Cristo trocou um olhar com S. Pedro, também presente, na qualidade de assessor do filho de Deus.
- Presidente de Câmara… Hum… E para quê? Não te chega regressar para ires à pesca, que era o que te dava mais gozo fazer enquanto por lá andaste?
-Tenho um objectivo específico, Senhor. Um desejo que gostaria de concretizar.
- Ah, sim? E qual é?
- É aproveitar o meu poder e influência, enquanto autarca, para fazer uma estátua, ou melhor dizendo, um conjunto escultórico.
- E pode saber-se a quê?
- Às boas pessoas.
- Às boas pessoas!?... O quê, mais santos?...
- Não senhor, não é propriamente a santos.
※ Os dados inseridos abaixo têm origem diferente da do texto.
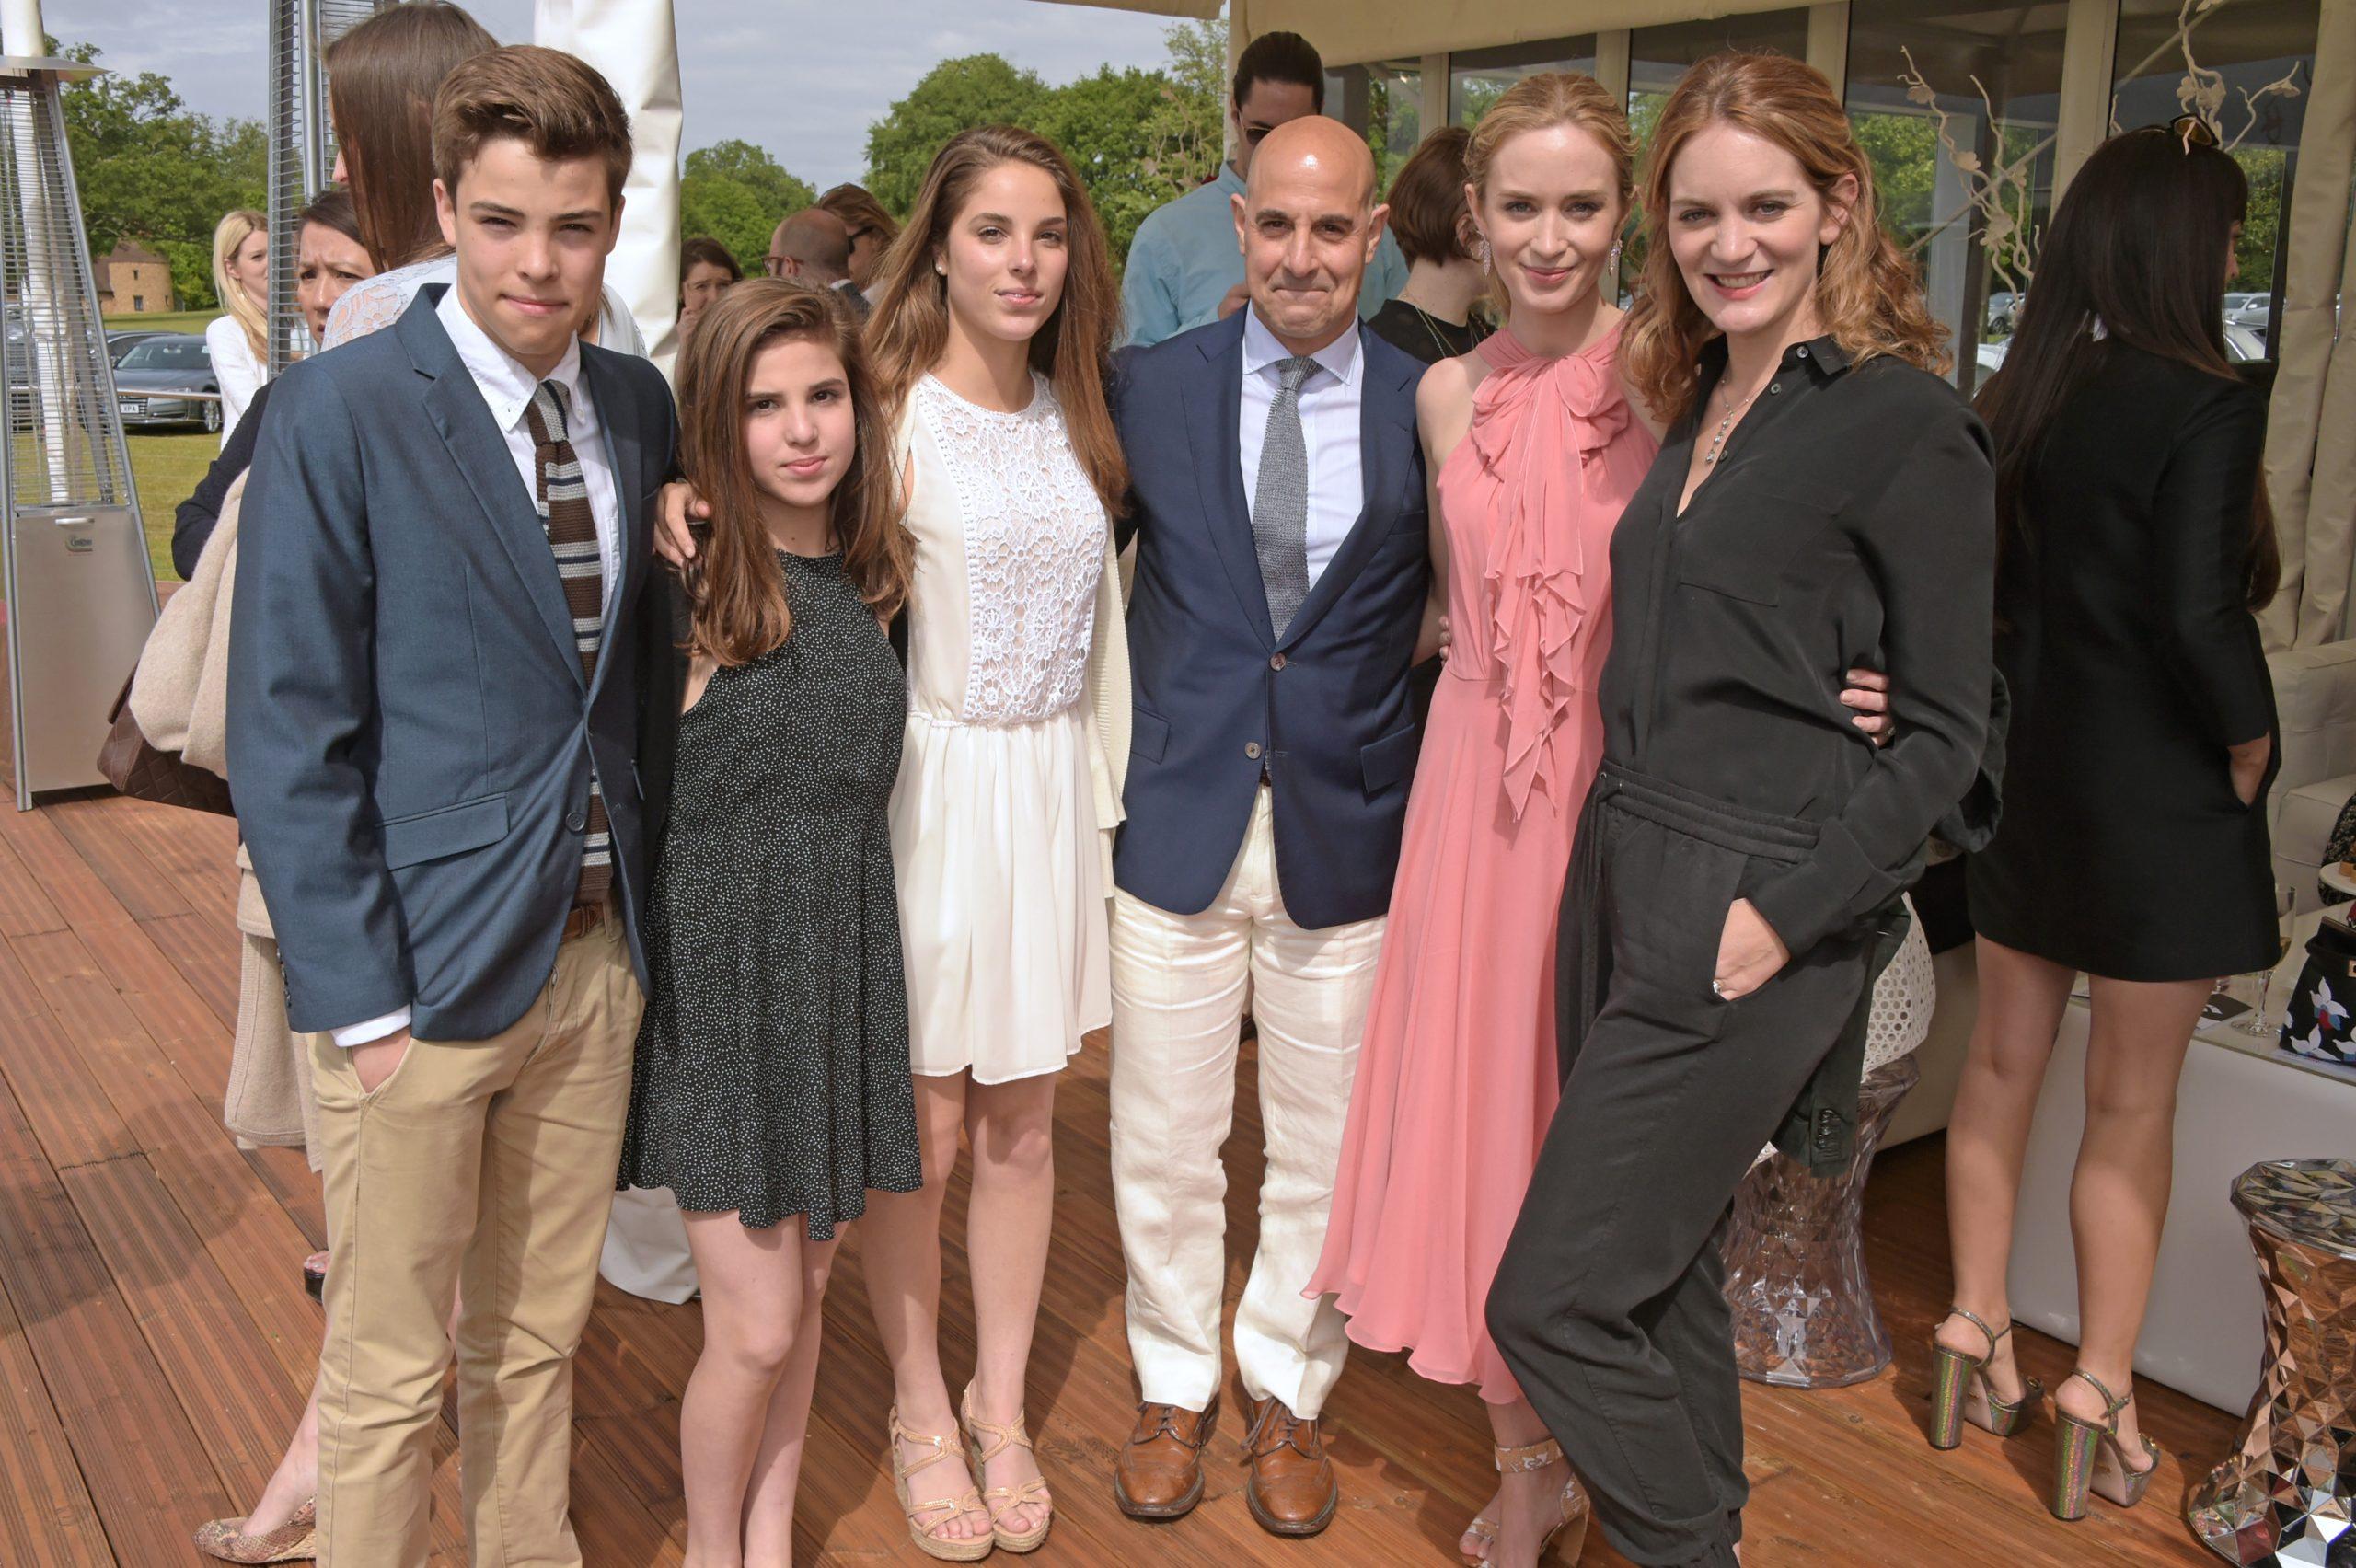 Stanley Tucci avec ses enfants Nicolo Tucci, Camilla Tucci, Isabel Tucci, posant avec sa femme Felicity Blunt et sa sœur Emily Blunt.

É para homenagear as pessoas vulgares, os meros pecadores que são boas pessoas.
- Bom… As estátuas normalmente representam vultos que se distinguiram por alguma coisa. Vultos da medicina, da política, da ciência, da literatura, até do desporto. Agora pessoas comuns…
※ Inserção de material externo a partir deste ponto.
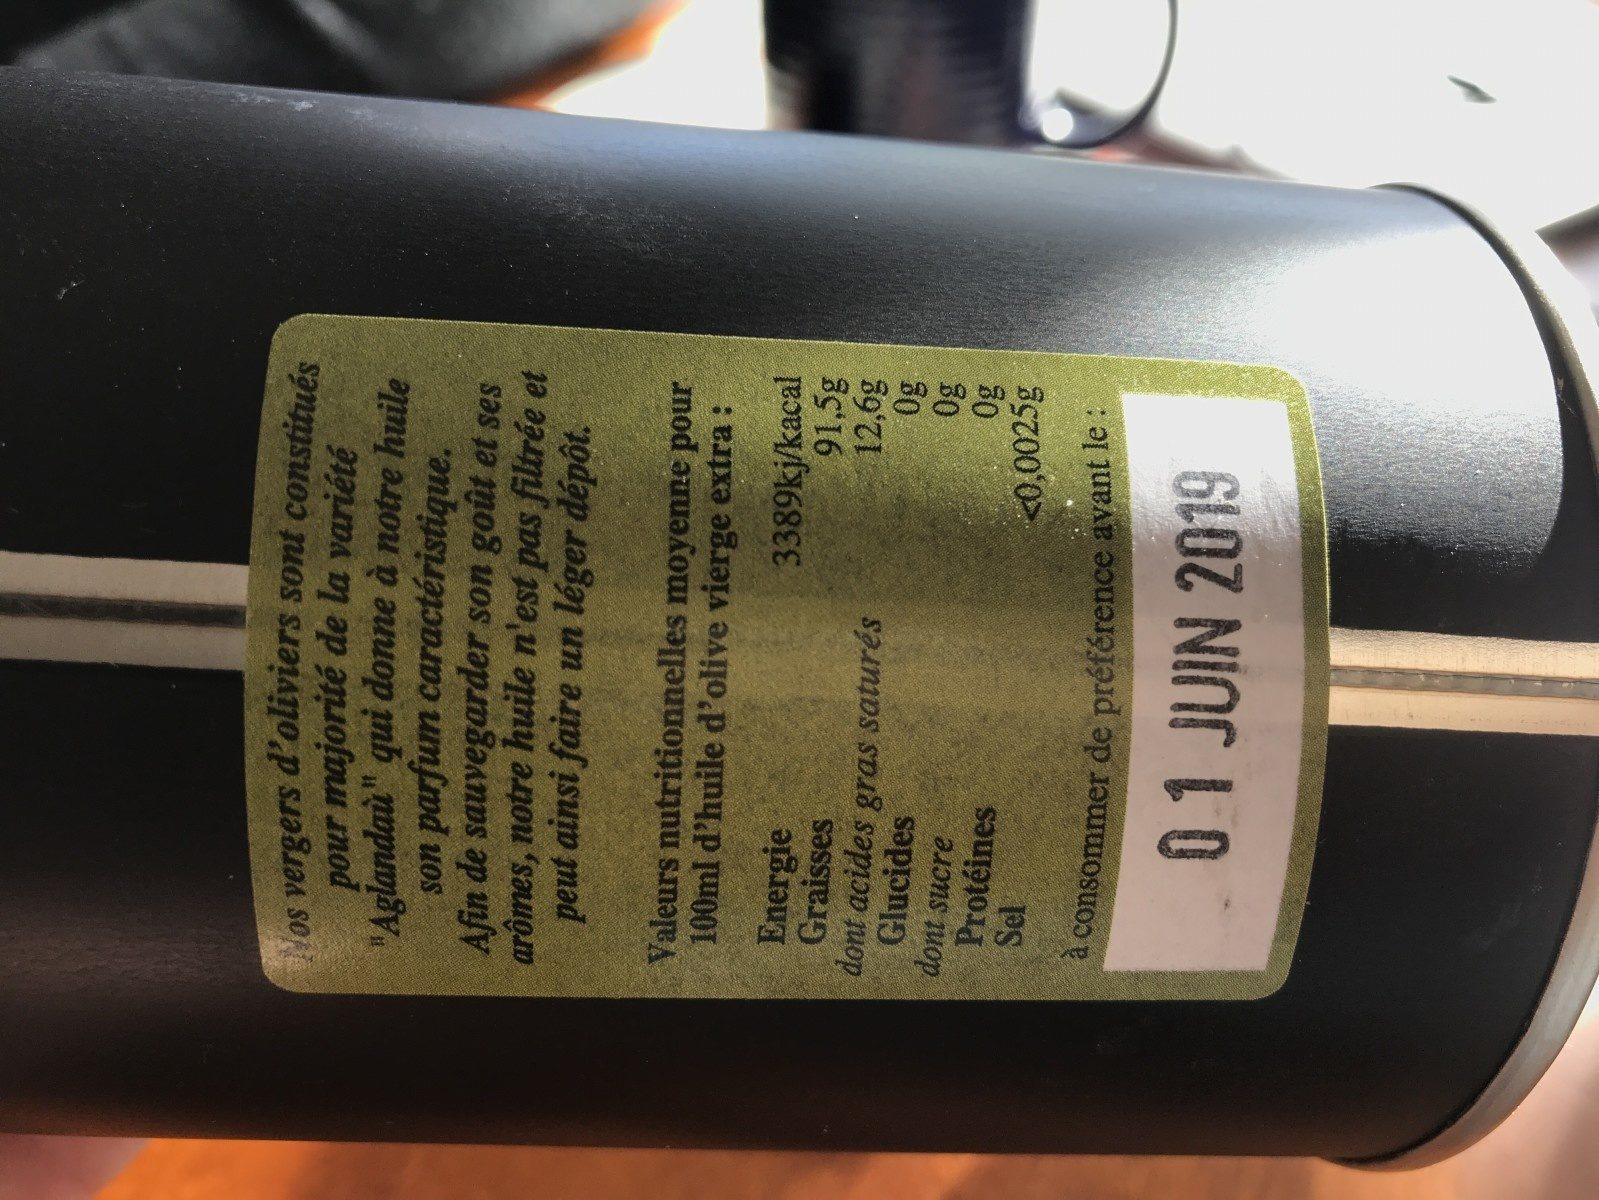 Huile d'olive vierge extra - Ingrédients - fr

- Pois aí é que está. As boas pessoas hoje estão tão desvalorizadas que penso que devem ser homenageadas.
- Faz sentido. Mas quem é que vais homenagear enquanto boa pessoa. A coisa é complicada.
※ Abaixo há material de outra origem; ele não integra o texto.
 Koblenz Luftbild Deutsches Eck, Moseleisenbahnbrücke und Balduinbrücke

- Está tudo previsto, Senhor. Será um conjunto escultórico a celebrar as boas pessoas, em geral. Uma espécie de monumento ao soldado desconhecido, só que destinado às boas pessoas.
- Bom, não está mal pensado. E, já agora, de onde te veio essa ideia?
- Foi de uma entrevista publicada no Diário de Notícias. Foram falar com o primeiro treinador do Cristiano Ronaldo, e, no fim, o sujeito, referiu o acompanhamento que o pai dava ao miúdo, quando ele jogava nas equipas de miúdos do Andorinha e do Nacional. A entrevista terminava com o treinador a dizer que Dinis Aveiro, o pai do craque, “era uma boa pessoa”.
- ….
Creio que nunca tinha visto impressa uma declaração destas; de alguém ser vulgar referido como uma boa pessoa. Mais!... Creio que se pedisse a um político, a um jovem universitário, a um empreendedor, a um simples administrativo ou a um operário para classificarem, entre nós, sem ninguém a ouvir, o Sr. Dinis, ouviria coisas como “bêbado”, “falhado”, “desgraçado”, “Zé-ninguém”, “borra-botas”. E por aí fora.
- …
- E, no entanto, e aqui é que está a questão, ele até podia ter sido isso tudo, mas, para além de tudo isso, era uma boa pessoa! E quanto a mim, isso conta mais que o resto. Ou melhor, isso é o que verdadeiramente conta.
- …
- O resto é obra da crueldade, da leviandade e da mesquinhez humana, que julga pela rama sem descortinar aquilo que é central e importante.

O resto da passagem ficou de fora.